Mar 22, 2007

Encrypt/Decrypt connection strings in web.config

const string PROVIDER = "DataProtectionConfigurationProvider";
const string PROVIDER = "RSAProtectedConfigurationProvider";

Configuration ObjConfiguration =

WebConfigurationManager.OpenWebConfiguration(Request.ApplicationPath);

ConnectionStringsSection cnStrSettings = ObjConfiguration.ConnectionStrings;

//Encrypt the Connection Strings Section
cnStrSettings.SectionInformation.ProtectSection(PROVIDER);

//Decrypt the Connection Strings Section

if (cnStrSettings.SectionInformation.IsProtected)
{
cnStrSettings.SectionInformation.UnprotectSection();
}
ObjConfiguration.Save();

kick it on DotNetKicks.com

2 comments:

Ravi said...

Hi All,

Thanks for your reply and advice.

My problem is that if someone can log into the server via
an FTP program (I use WS_FTP), then the web.config is
easily viewable with no restrictions.

The encryption schemes you mentioned are to deny people
access via a web browser?

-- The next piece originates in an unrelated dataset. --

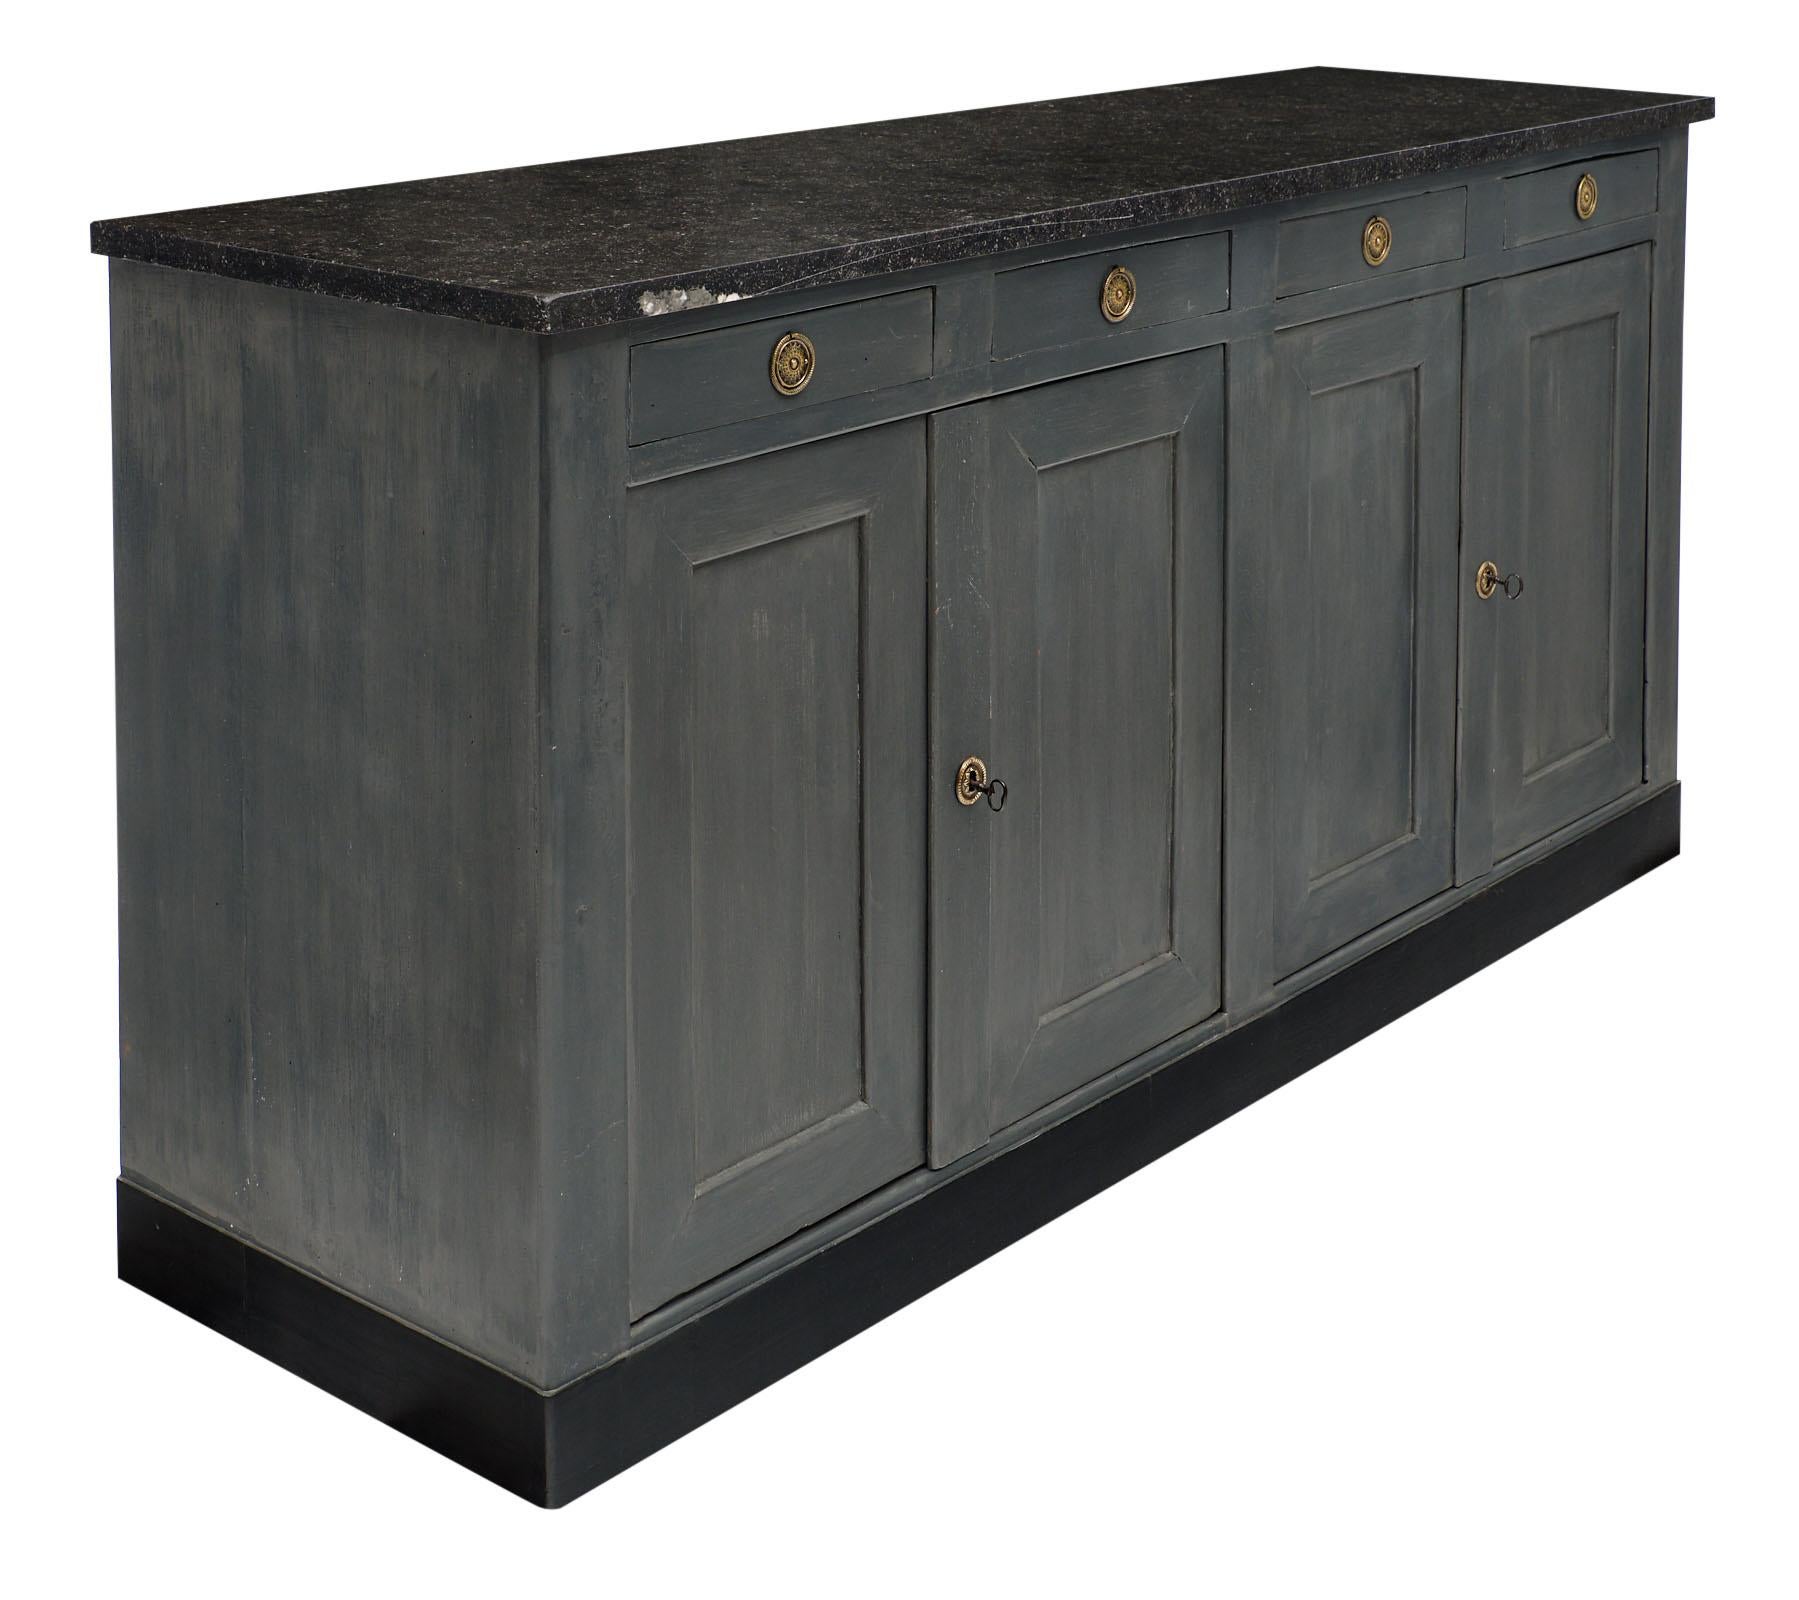 French provincial painted gray buffet made of solid fir and oak. We love the hand painted finish to this credenza with the deep gray color. It features a beautiful and original slab of gray marble as well. There are four dovetailed drawers above

I will look into hashed
passwords, but if someone gets into my site via an FTP
program, does this encryption do anything?

Thanks!

tillu said...

Even if someone can get your web.config via FTP, still you are safe since the passwords are encrypted hence cannot be decrypted anywhere else... so no one can steal passwords even if they get the web.config via FTP.